El Mesías, a pesar de que su contenido trata sobre el significado del cristianismo, no tuvo una finalidad litúrgica; construido en forma libre, de concierto, se aproximaba a las antiguas cantatas y a los oratorios navideños alemanes. Junto a arias de carácter contemplativo hay trozos corales que representan la voz de la comunidad cristiana. El más famoso es el Aleluya
. Durante su primera ejecución en Inglaterra, el rey —y con él, todo el público— al conmoverse por la potencia y solemnidad de este coro, se levantó espontáneo y permaneció en pie para escucharlo entero.
La obra cumbre de Handel no es una historia sagrada sino un canto reflexivo sobre el misterio de la redención, y la relación entre el hombre y Dios. La casi simétrica alternancia de recitativos, arias y coros no deteriora la línea dramática conseguida por su autor con gran economía de medios armónicos, gracias a una orquestación que no sirve de relleno o apoyo al texto, sino que ayuda a elevar el espíritu de los oyentes. Los cantos llenos de consideraciones piadosas inspiradas en la Biblia son encaminados a mantener la tensión a base de una línea dramática que va creciendo paulatinamente hasta llegar a un momento culminante.
Inspiró a Beethoven, Haydn y Mozart.
De las excelentes versiones que se pueden encontrar en disco, recomiendo el Messiah
(reorquestado por Sir Eugene Goossens) con Jennifer Vyvyan (soprano), Monica Sinclair (mezzosoprano), Jon Vickers (tenor), Giorgio Tosí (bajo); con la Royal Philharmonic Orchestra & Chorus, bajo la conducción de Sir Thomas Beecham; grabado en 1959.
Todos, extraordinarios; a la par de esta obra genial.
—Te puedo llamar ingeniero o ingeniera.
—Sólo si te digo licenciado o licenciada.
—Yo soy tu mamá.
—Yo soy tu hija.
—Estaba jugando.
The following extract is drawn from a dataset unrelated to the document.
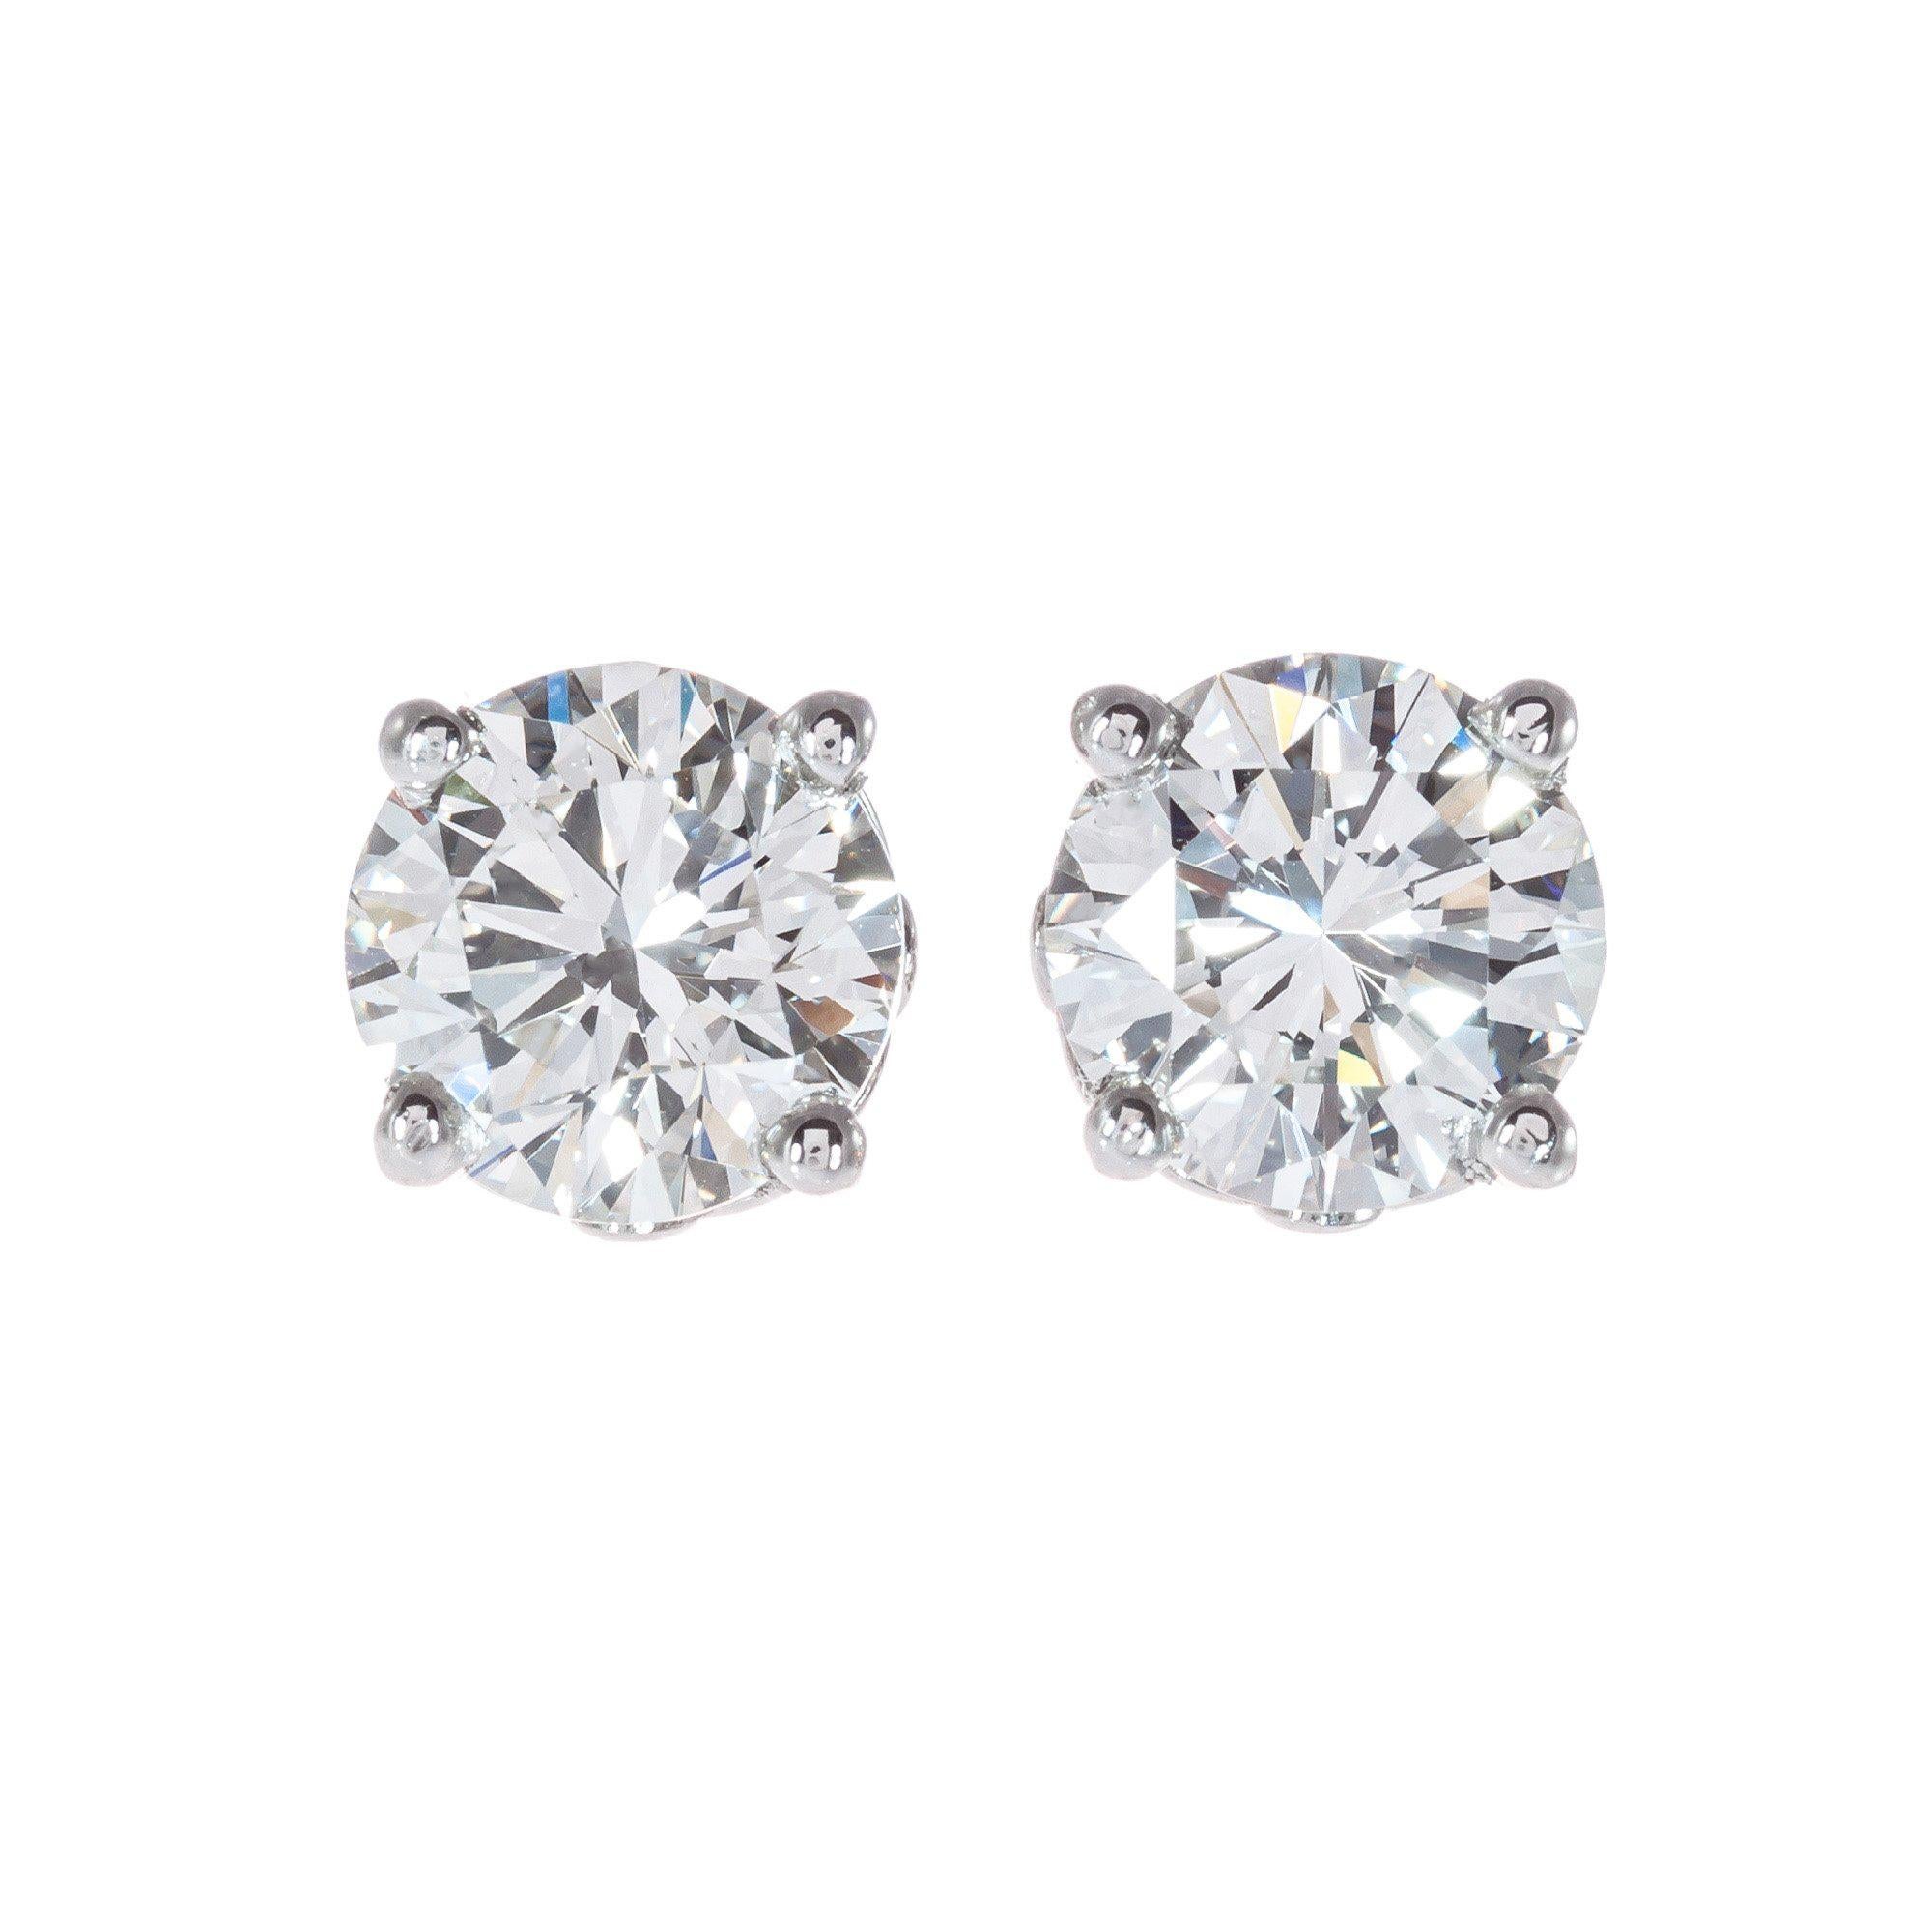 Peter Suchy GIA Certified 1.64 Carat Diamond Platinum Stud Earrings

Estoy muy ilusionada porque ya eres ingeniero o ¿ingeniera?
—El título es de ingeniero.
—¿Ya lo viste?, ¿cuándo te lo dan?
—Tengo que hacer primero la tesis.
—¿No la tienes?
—Tengo los libros y apuntes, sólo me falta escribirla.
—Estamos hablando de un mes, mes y medio: ¿cuánto?
—Nada de mes y medio, quiero divertirme un poco y descansar. Cuando estudiaba y te pedía permiso para salir, decías: Cuando termines vas a tener tiempo de divertirte. Ahora estudia
.
—Bueno, lo difícil ya lo hiciste. Quiero tener tu título y conseguir una cita con el ingeniero Salustio para que te den una plaza de coordinador.
—No empieces otra vez. Quiero divertirme y no ser una amargada como las de tu escuela, siempre hablando mal de los hombres, hasta las casadas.
—Tú nunca serás como ellas: eres bonita y estás hecha un mango. Qué bueno que dejaste al pendejo del Froylán.